Boehner’s offending quote was made when he took questions during a Christian Science Monitor luncheon in Tampa on Monday. Boehner was asked about several demographic groups – notably, women, African Americans and Latinos — that polls have suggested are going to turn out to vote against his party in November unless the dynamics of the presidential race change.
Boehner replied that the state of the economy is likely to keep many of those voters from casting their ballots for President Barack Obama. He said that those voters were just as likely to stay home on Election Day as they were to vote against the GOP:
“This election is about economics,” Boehner said. “These groups have been hit the hardest. They may not show up and vote for our candidate but I’d suggest to you they won’t show up and vote for the president either.”
I read that sentence several times to determine whether or not my jaded antipathy towards the oft-played race card had blinded me to the obvious animus contained within. I did not see it. Nowhere in Boehner’s statement is there a hint of “hope.”

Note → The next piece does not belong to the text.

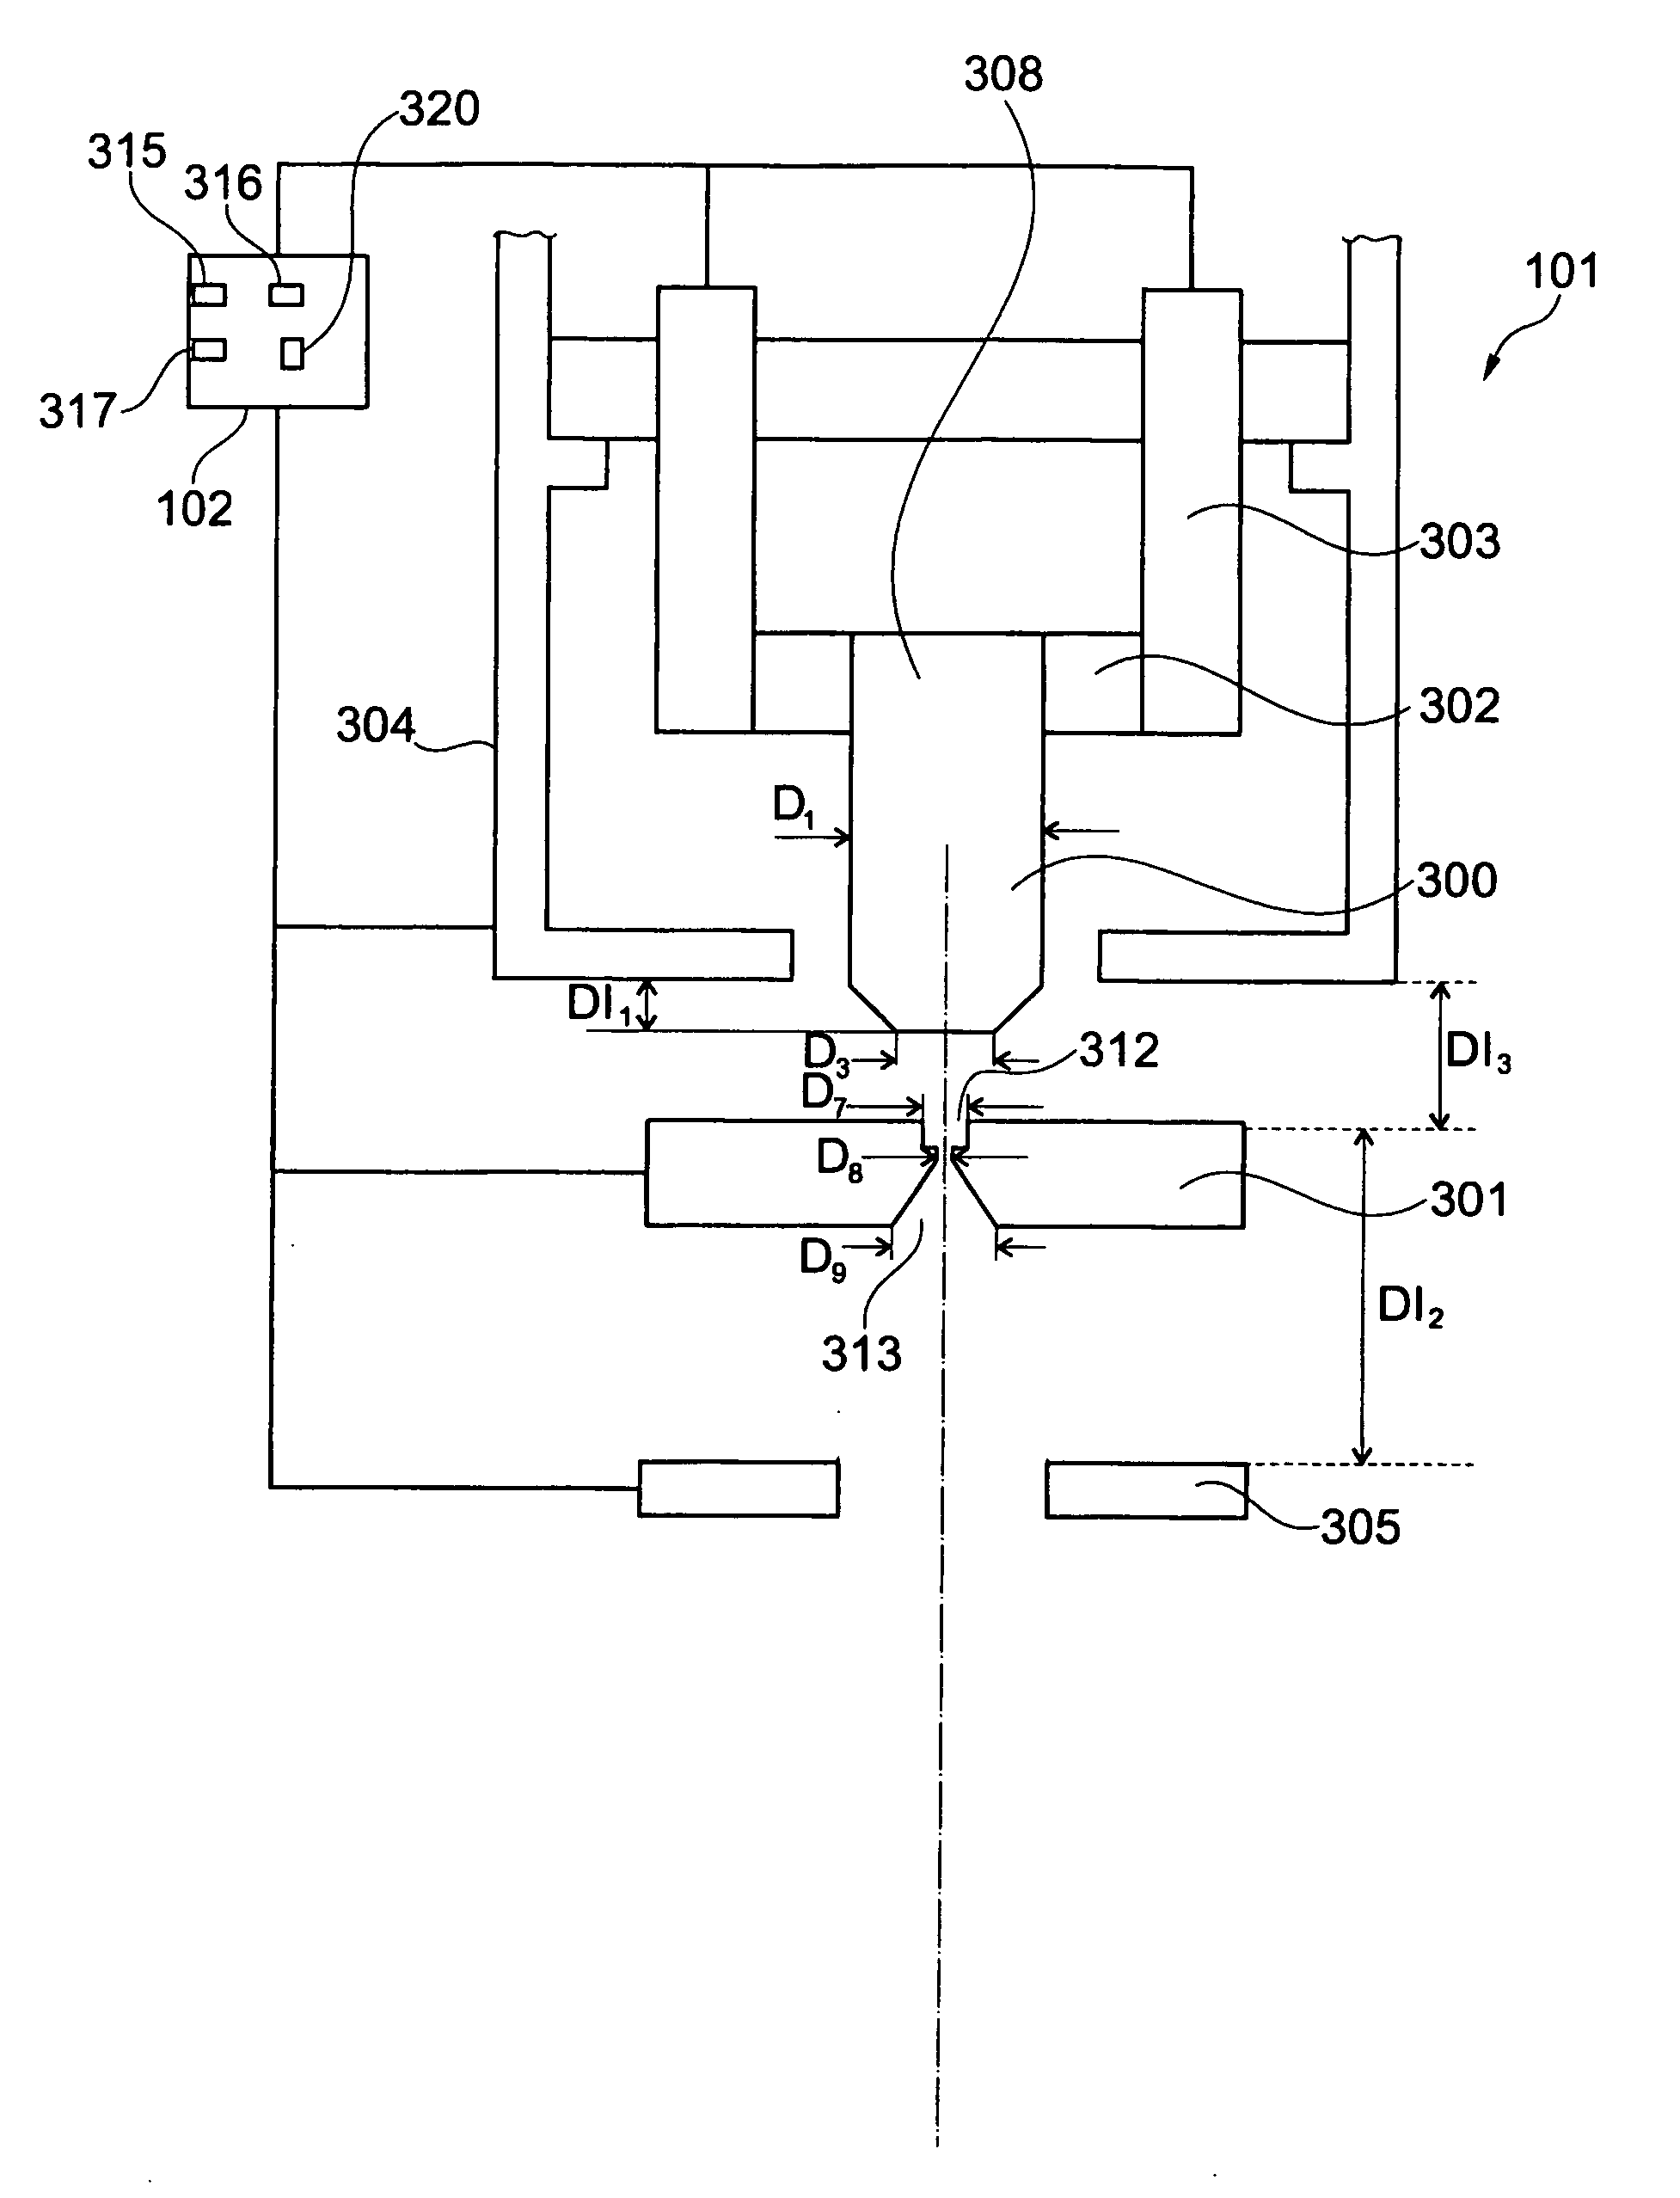 Electron gun used in particle beam device

Even in Talking Points Memo’s write up by Benjy Sarlin, whose piece Reeve quotes, published Boehner’s comments under the headline “Boehner: The Economy Still Trumps All — No Matter What.”
Reeve attempts to back up the misleading headline with spurious and otherwise unrelated references to voter identification laws in Pennsylvania and Ohio’s restrictions on early voting that are purportedly discriminatory towards African American voters.
Reeve quotes an email from Franklin County, Ohio, Republican party Chairman Doug Priesse who addressed new early voting restrictions in the Buckeye State in a recent email. Again, Reeve determines that Chairman Priesse “indicated restrictions on early voting hours and voter ID laws were meant to keep blacks from voting.”
Judge for yourself:
“I guess I really actually feel we shouldn’t contort the voting process to accommodate the urban — read African-American — voter-turnout machine… Let’s be fair and reasonable.”
Prior to reading Reeve’s illuminating article, I would have considered the words “fair” and “reasonable” to be rather non-discriminatory. How hopelessly naïve of me.